= Steven Wickham =

British actor

Steven Wickham is a British actor known largely for his roles in Big Finish Productions' audio dramas as well as guest appearances in Red Dwarf, Mrs Brown's Boys, Casualty, The Bill, EastEnders and Doctor Who in a career which began in 1984.

==Career==
Steven Wickham began his career after leaving college and joining a theatre in education group called Bucket Theatre, touring schools in Buckinghamshire, performing at one occasion for The Princess Anne.

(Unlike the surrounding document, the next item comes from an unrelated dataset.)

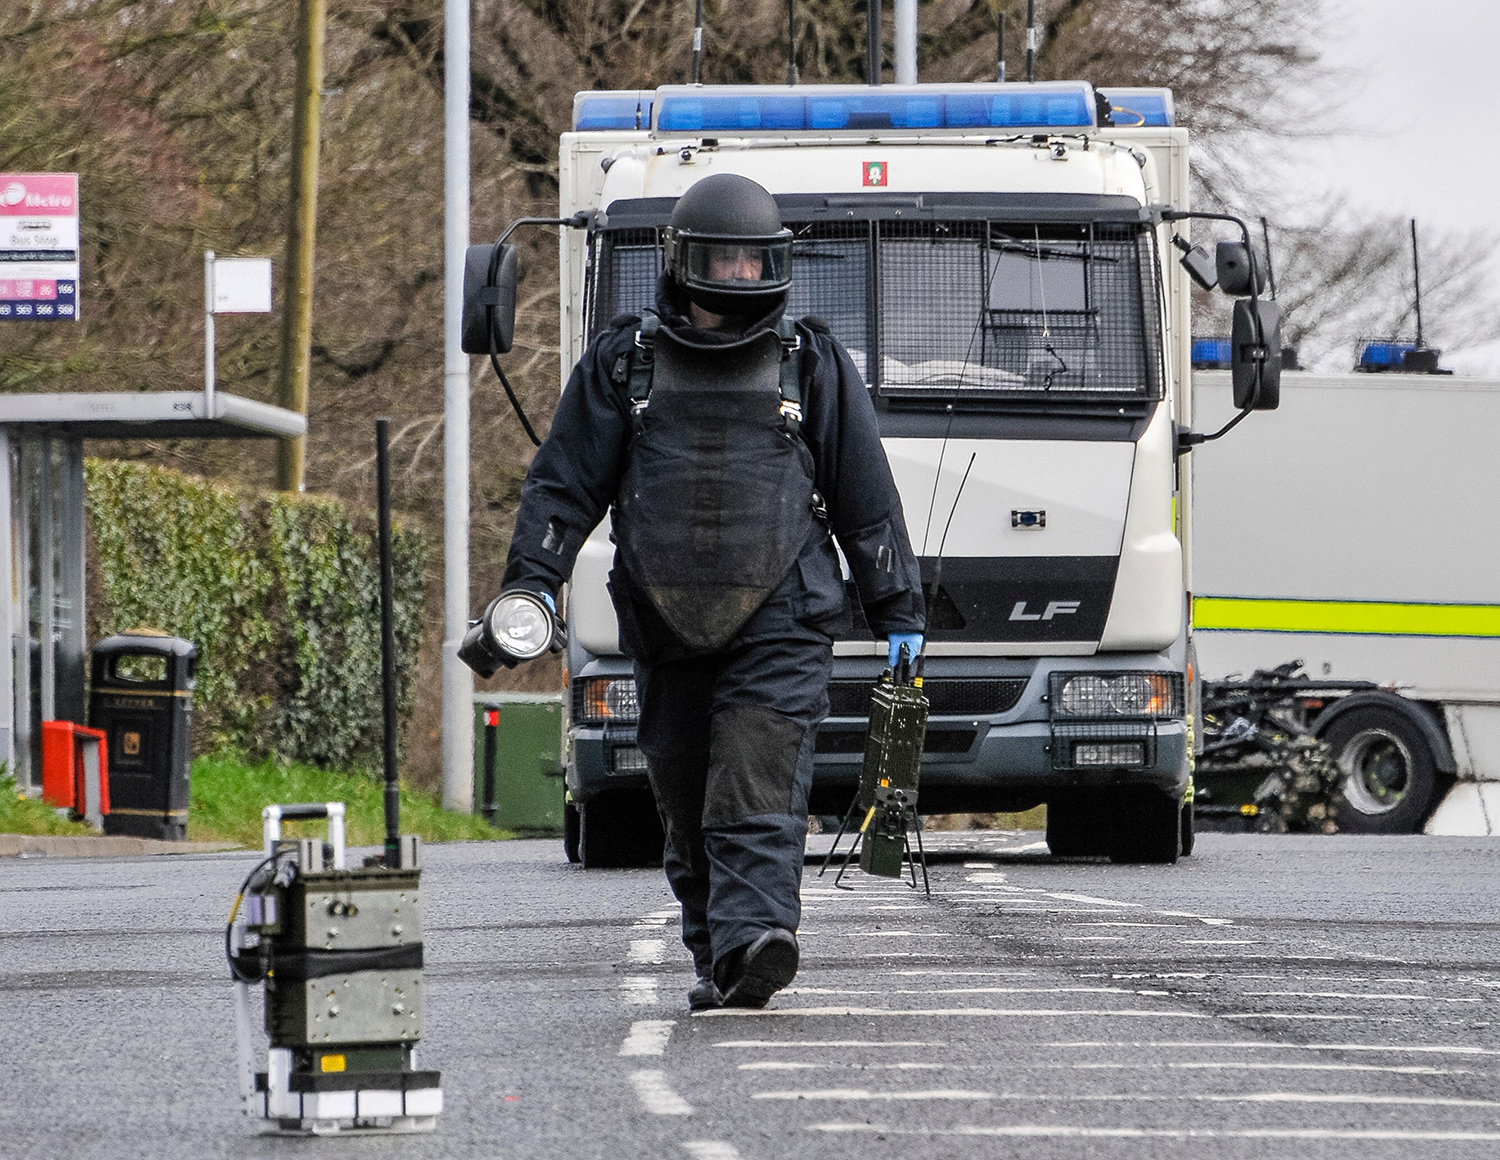 Next-generation Explosive Ordnance Disposal for the British Army

For 18 months, he played The Baker in Bill Kenwright's memorable national tour of Joseph and the Amazing Technicolour Dreamcoat, and many theatre jobs followed. This includes playing Judas in a national tour of Godspell, Big Jule in Guys and Dolls at the Everyman Theatre, Cheltenham, Reuben Starkadder in Cold Comfort Farm at the Watermill Theatre, Newbury, Oscar Wilde in The Mirror of the Moon at the Edinburgh Festival, and Hiram Otis in the national tour of The Canterville Ghost opposite Ron Moody. He has played in such diverse roles as Hamlet and Abanazar, Mr Peachum and Lady Bracknell. In the autumn of 2016 he played Major Watson opposite Brian Capron in a UK-wide tour of the R. C. Sherriff thriller Home at Seven.

He has made many television appearances from EastEnders, to Heartbeat from London's Burning to The Bill (four separate times) and from Outside Edge to Casualty (twice). In a 1993 episode (Emohawk: Polymorph II) of Red Dwarf he appeared as a GELF set to marry the leading protagonist Dave Lister and it garnered him some cult notoriety. He became the only character other than the four primary regulars to appear in the title sequence. Nineteen years later he reappeared on Red Dwarf X (episode Entangled), this time playing the chief of a group of Biologically Engineered Garbage Gobblers.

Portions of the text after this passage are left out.